So that the copy stays text only, transcribe the data below exactly and exclude the images.

▶ _Source data_

· · ·

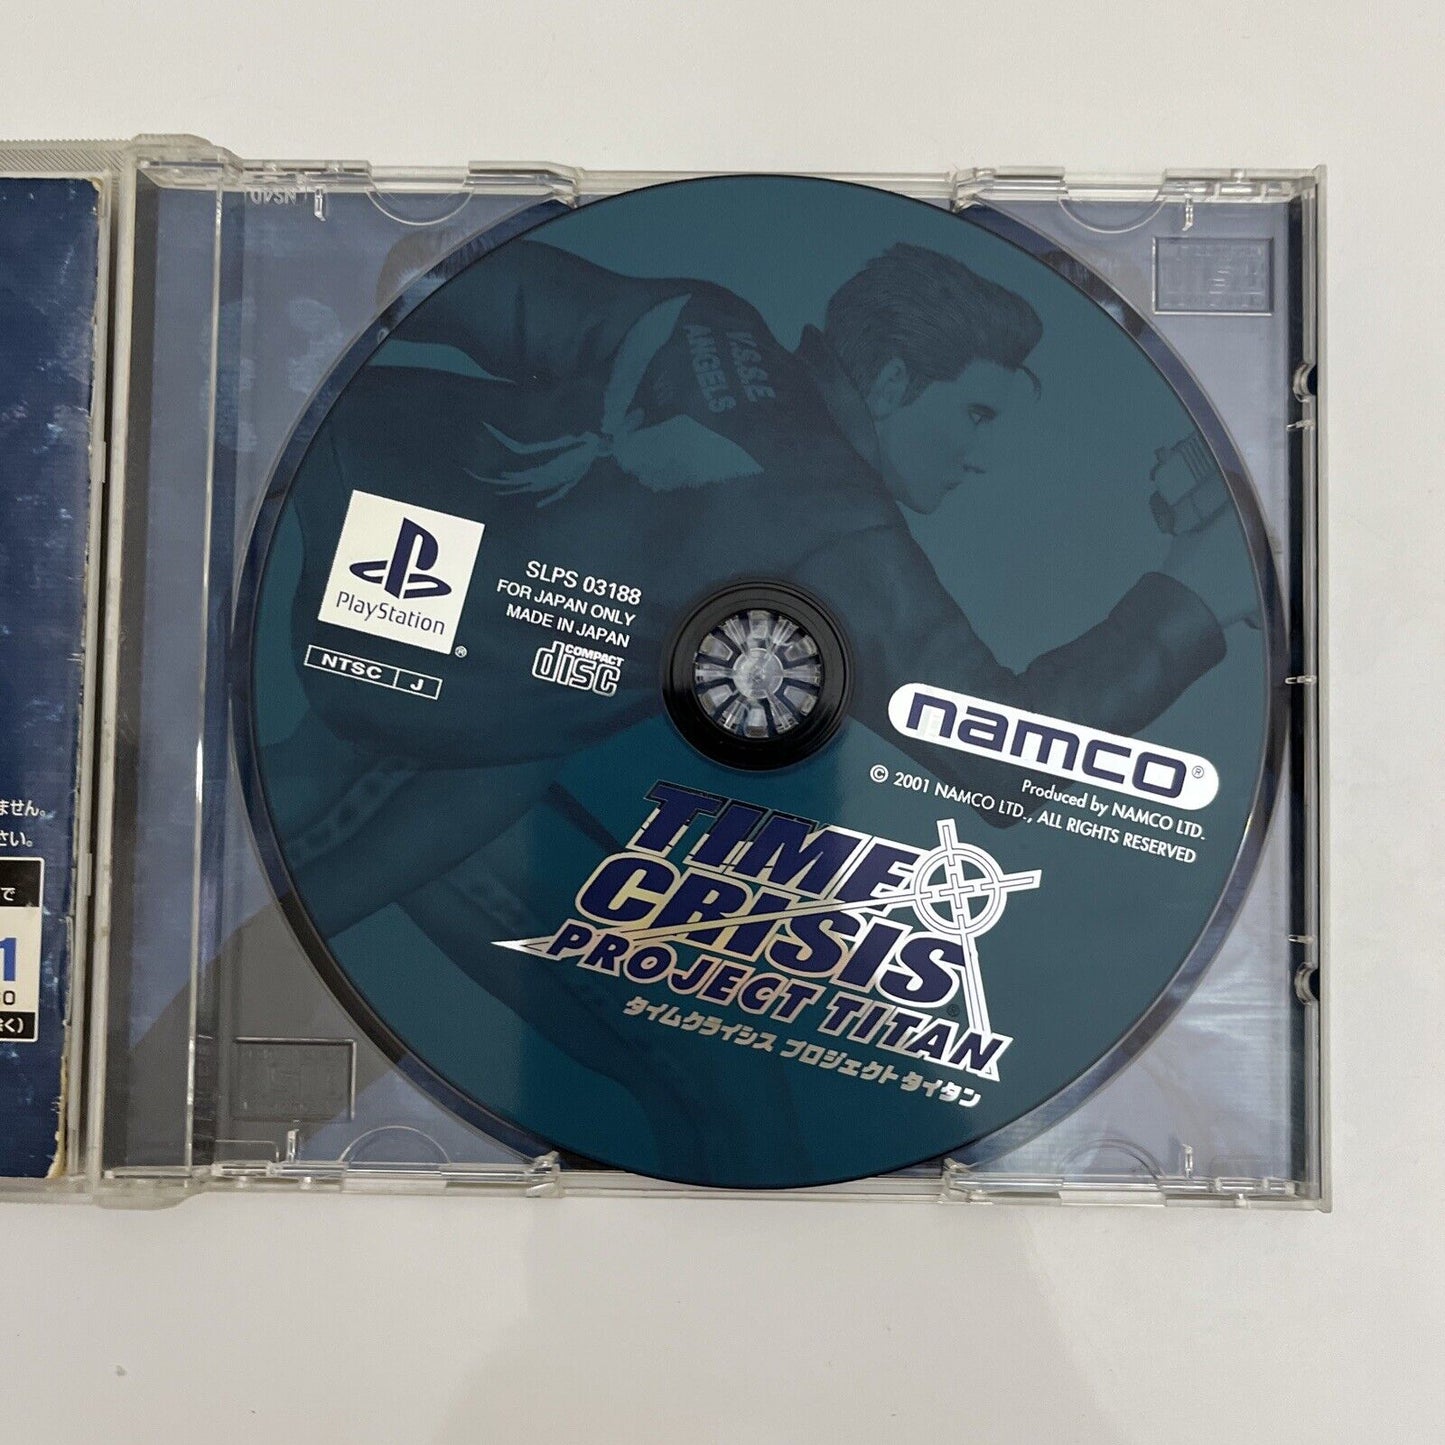 Time Crisis Project Titan - Sony PlayStation PS1 NTSC-J JAPAN Light Gun Game
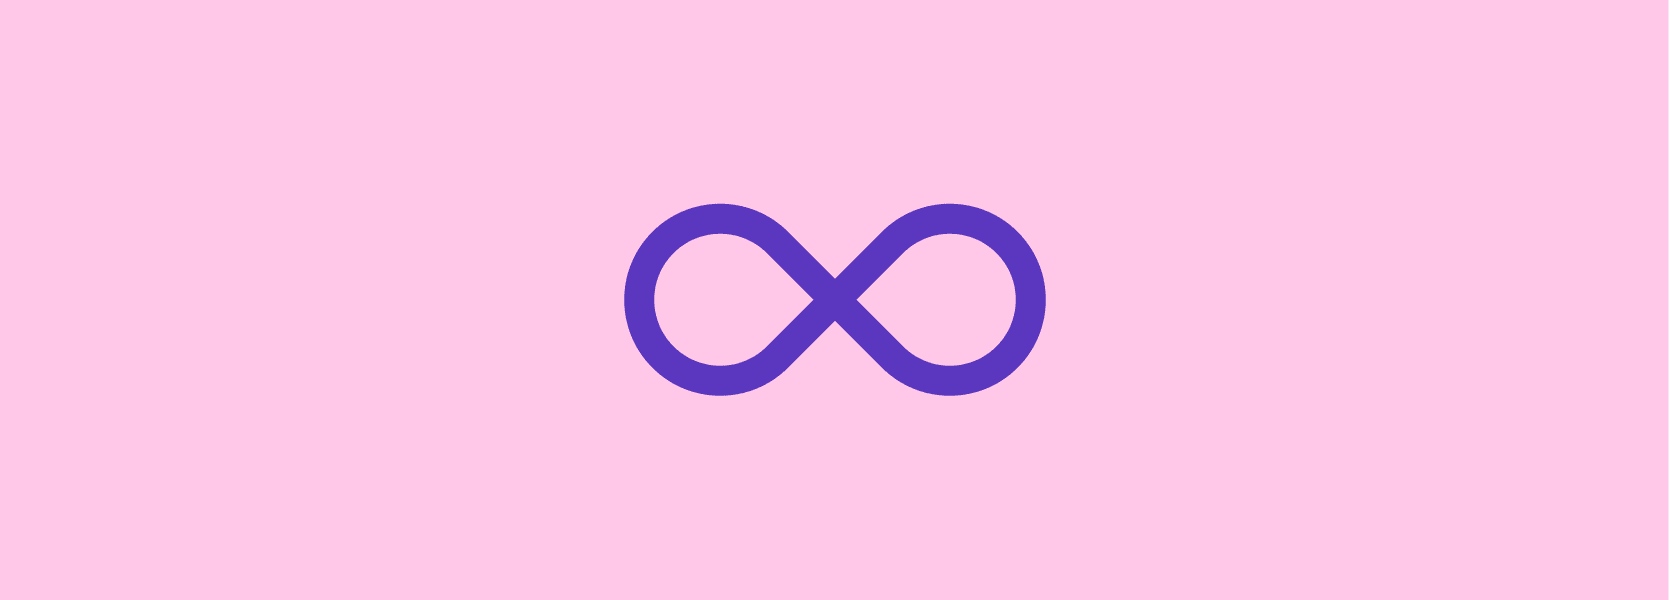 Eternity symbol on pink background
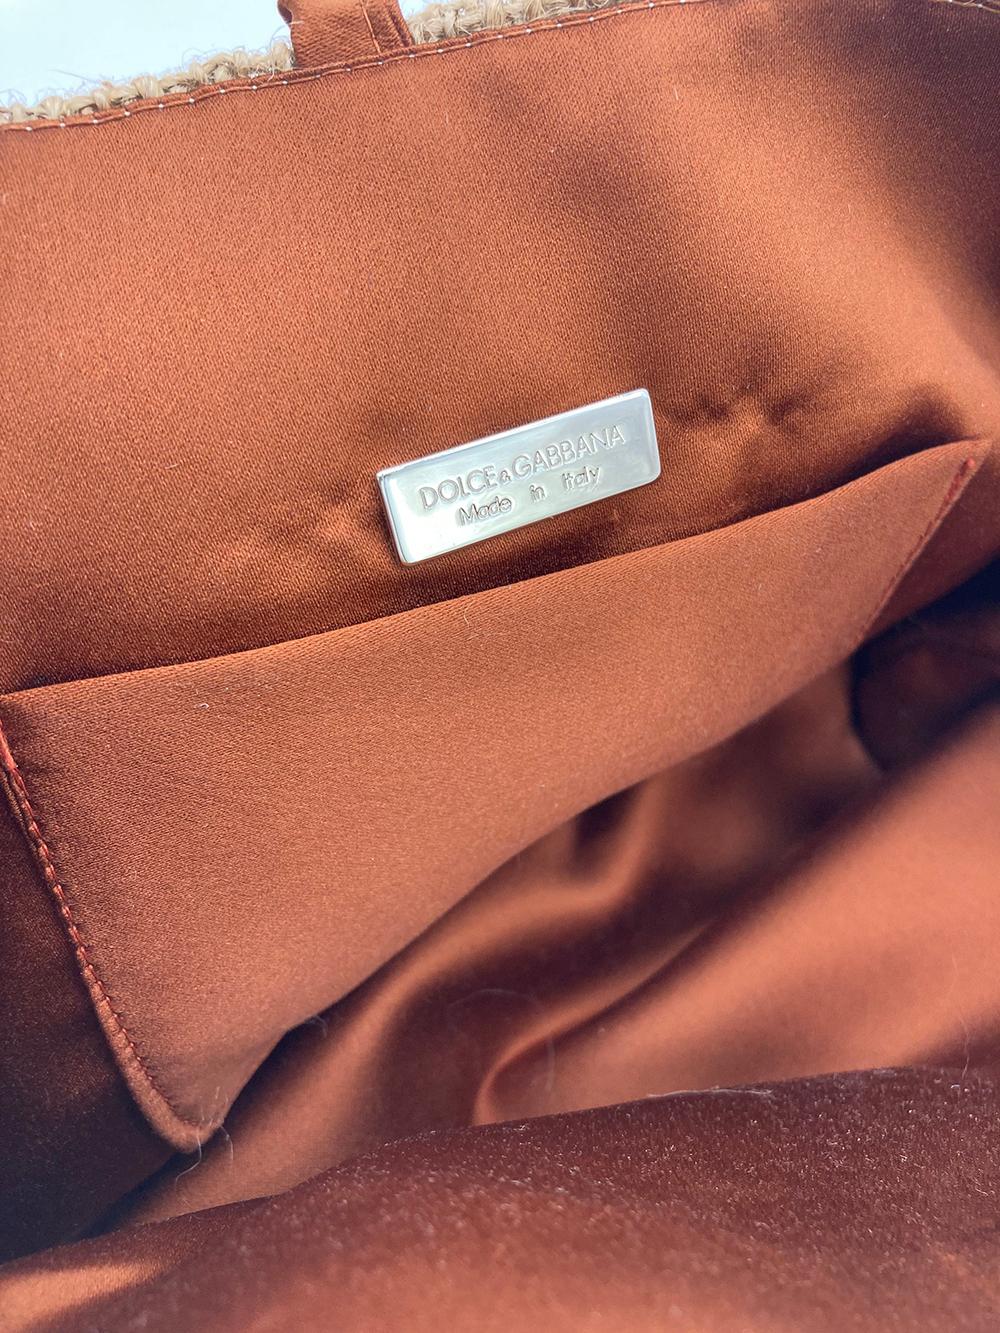 Dolce and Gabbana Crystal Rhinestone Burlap Shoulder Bag For Sale 2

· · ·

▶ _Result_
 Time Crisis Project Titan - Sony PlayStation PS1 NTSC-J JAPAN Light Gun Game
 Eternity symbol on pink background
 Dolce and Gabbana Crystal Rhinestone Burlap Shoulder Bag For Sale 2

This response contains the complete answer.